As the principle of sensing is based on the physical deformation of the metallic rod, the system is affected by temperature change. So I decide to use a thermistor (NTC), placed directly within the metallic rod, by placing it in a small drilled hole. (Figure 1, on the left)
The HX711 is an interesting chip for its price range. It is design to measure very tiny resistance change using a Winston bridge. It have two channels, one with two gains (64 and 128) and another with a fixe 32 gain. While the first channel is connected to the load cell, the second one is perfectly usable for measuring the thermistor. To do so we have to do another Winston bridge including this thermistor. (Figure 2, on the right)
I chose to use the same micro-controller and RF link as the previous wireless temperature probe. In other words, a PIC16F1825 and a nRF24l01+. The difference is the HX711 module and a voltage regulator. The HX711 needs a stable 3.3V, and then I use an analog input of the PIC to have a battery voltage information.
The micro-controller code is rather simple as well, it sleeps for around 8 seconds, then sequentially get 8 values of HX711 channel ‘A’ and average them, the same for channel ‘B’, then get the ADC value of the battery, and finally send the data with the nRF24l01.
The XC8 C compiler file for the PIC16F1825 is here in Github.
I fixed one end of the load cell directly to the mailbox bottom, and the other end to an aluminium plate of approximately the surface of the box. For the tests, I just fixed the proto board on a side with tape, and the battery below.
Tests and data.
The system is surprisingly sensible, a letter is clearly visible on the weight data.
But sensitivity is not precision. And things start to be more complex when I try to figure out how to calibrate the system. There is a link between temperature and weight data, but not only. The entire mechanical system plays a role.

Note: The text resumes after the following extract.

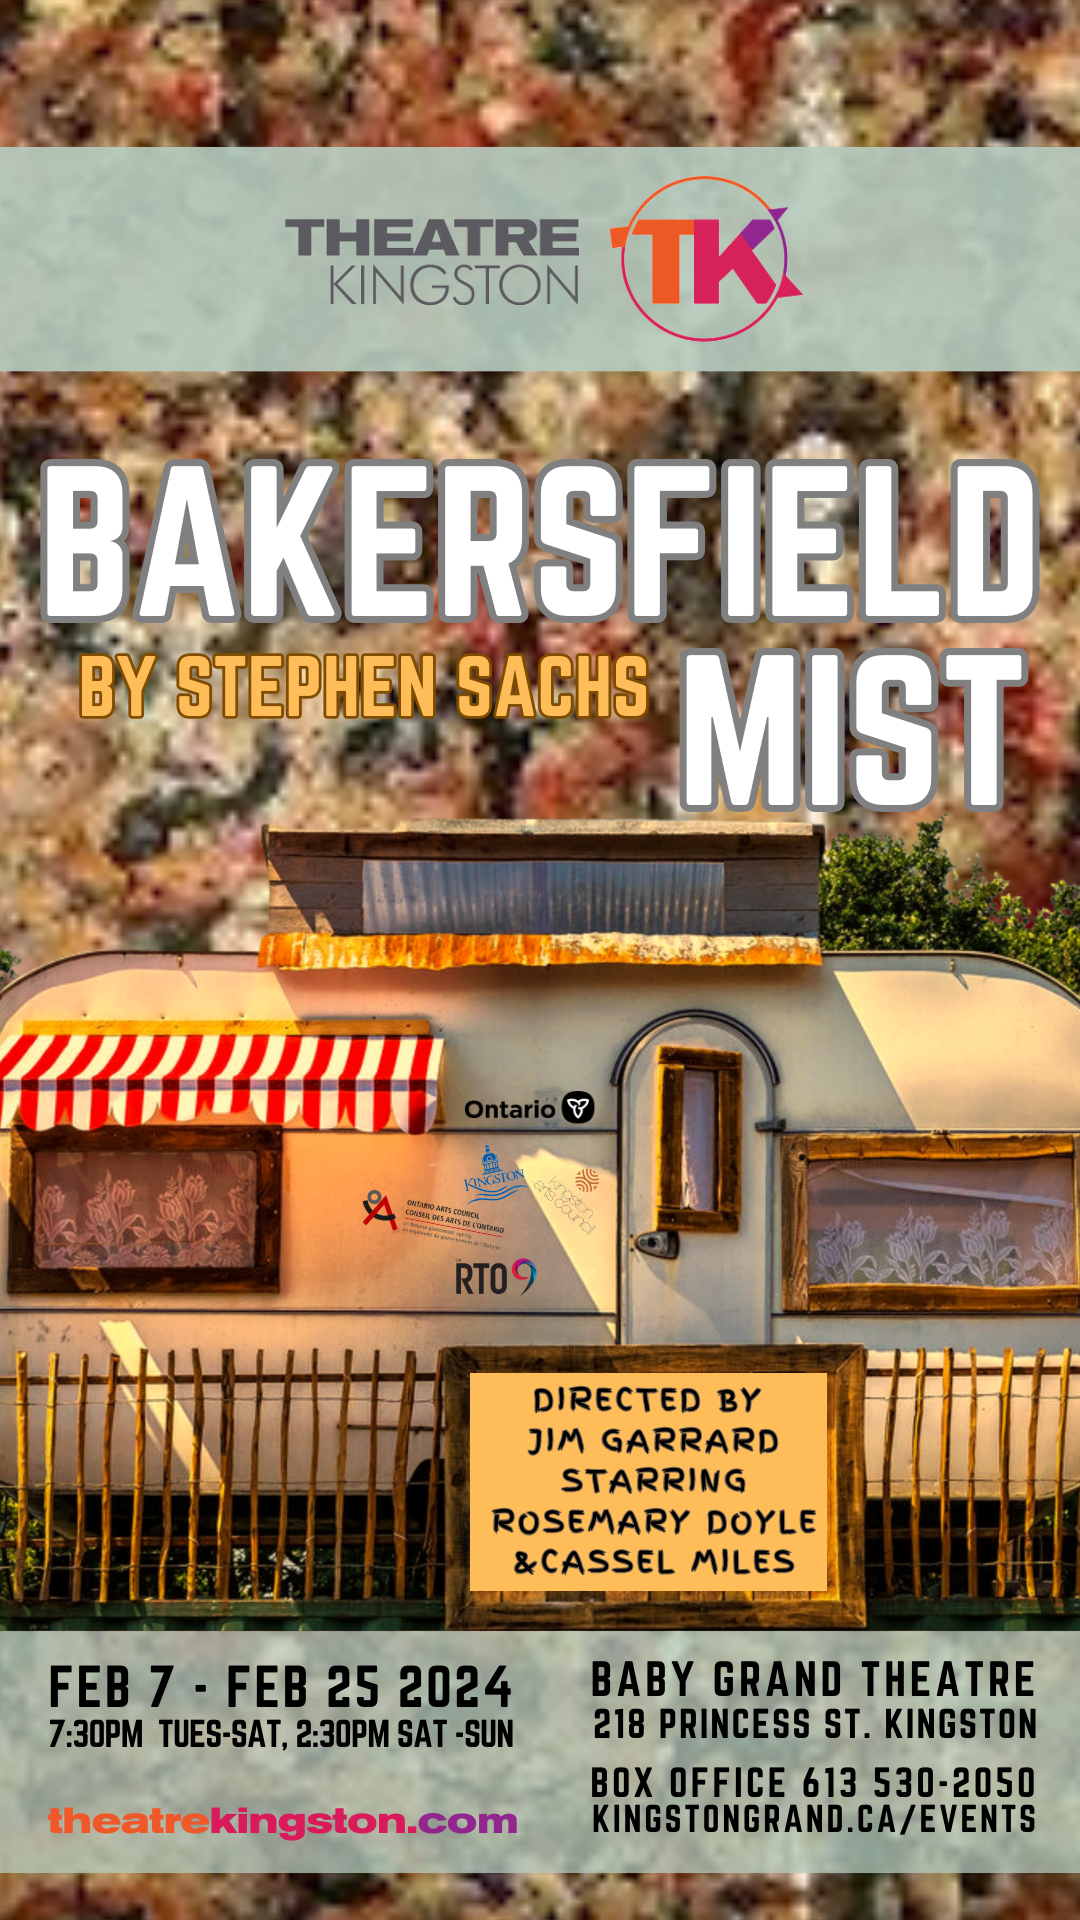 Poster for Theatre Kingston's production of 'Bakersfield Mist'. An RV appears behind a fence. The title, director, cast, company, playwright, dates, times, and location of the show are on the poster.

Figure 8 shows a complete month of temperature and weight data, with arbitrary units (ADC output). While points marked with ‘1’ are the time where a letter was on the plate, the others are interesting. Point ‘3’ shows that a heavy parcel was kindly placed in the box by the postman. But after that, the weight base line did not recover to the same value. Apparently a mechanical bias appeared, it could be a permanent distortion of the load cell.
I could not fully understood the events marked as ‘2’. These drops should reflect a resistance change, so I imagine it could be linked with humidity and water condensation. It seems it disappeared once I cover the HX711 pins and copper tracks with varnish.
I tried to establish a correlation between the temperature values and the weight values in order to compensate the changes. As the event ‘3’ put an offset I have two data groups. I agree the data looks funny, and it is hard to see a true correlation. (Figure 9&10) We could barely see a kind of exponential curve such as Weight = a + b. Temp², but not enough to compensate correctly.
To summarize, the concept is clearly working. I first though the battery would not last so long, but event not fully charged, the 4000mAh li-ion is still alive after a month. (Figure 11).
The HX711 used strait out of the box without shielding gives quite good results. On the 24bit resolution, around 19 to 20 are out of noise, which is remarkable for such a draft system.
As it is, I have at least an idea if there is something present (and roughly how big) in the mailbox, and this everywhere I could have an internet access. To be continued !